BLBG:Canada Dollar Rises to 3-Week High on Bets of More U.S. Stimulus
The Canadian dollar rose to its highest level in three weeks after Federal Reserve Chairman Ben S. Bernanke said the U.S. economy still isn’t strong enough to do without monetary stimulus.
The loonie, as the currency is nicknamed, strengthened for a fourth day after minutes of the Fed’s June meeting released yesterday showed many officials wanted to see more signs employment is improving before backing a reduction to bond purchases.

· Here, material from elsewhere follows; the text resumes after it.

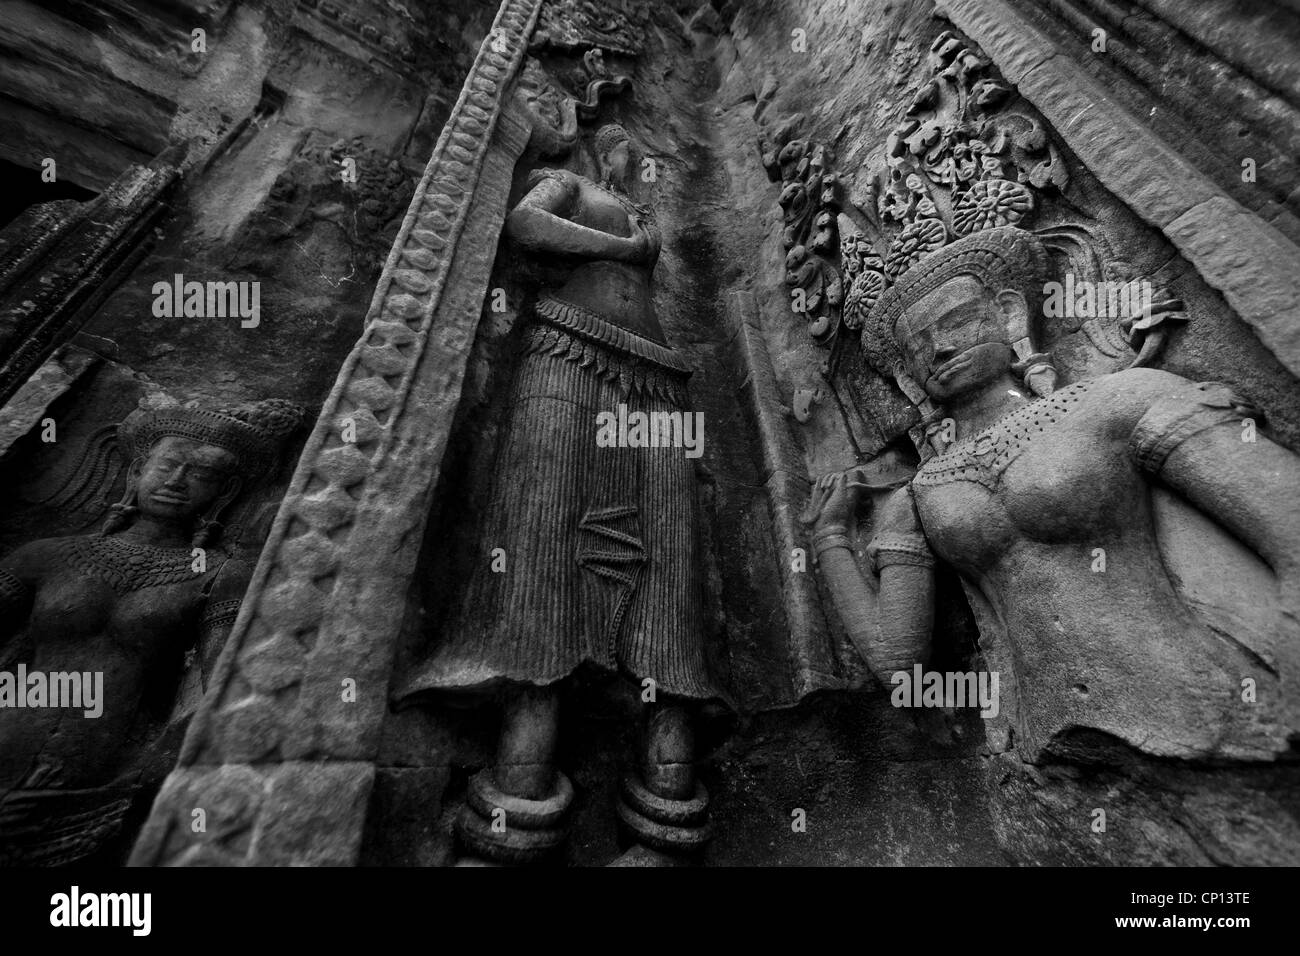 Un Apsaras, relieve de piedra tallada en el templo de Ta Keo en Asia, Angkor Wat, Camboya Foto de stock

Canada’s dollar also strengthened versus the currencies of its commodity-exporting peers, Australia and New Zealand, before data forecast to show home prices rose in May.
“Until Bernanke spoke yesterday, it’s been a general bullish U.S. dollar trend,” said David Bradley, director of foreign-exchange trading at Bank of Nova Scotia (BNS)’s capital markets unit, by phone from Toronto. “North America is going to outperform Europe in the long-term. So you’re going to see the U.S. dollar stronger and you’re going to see the Canadian dollar outperform its counterparts.”
The loonie added 0.5 percent to C$1.0410 per U.S. dollar at 7:35 a.m. in Toronto. It touched C$1.0326, the strongest level since June 20. One loonie buys 96.05 U.S. cents.
Home prices in Canada increased 0.2 percent in May, matching last month’s gain, according to the median estimate of a Bloomberg survey of nine economists.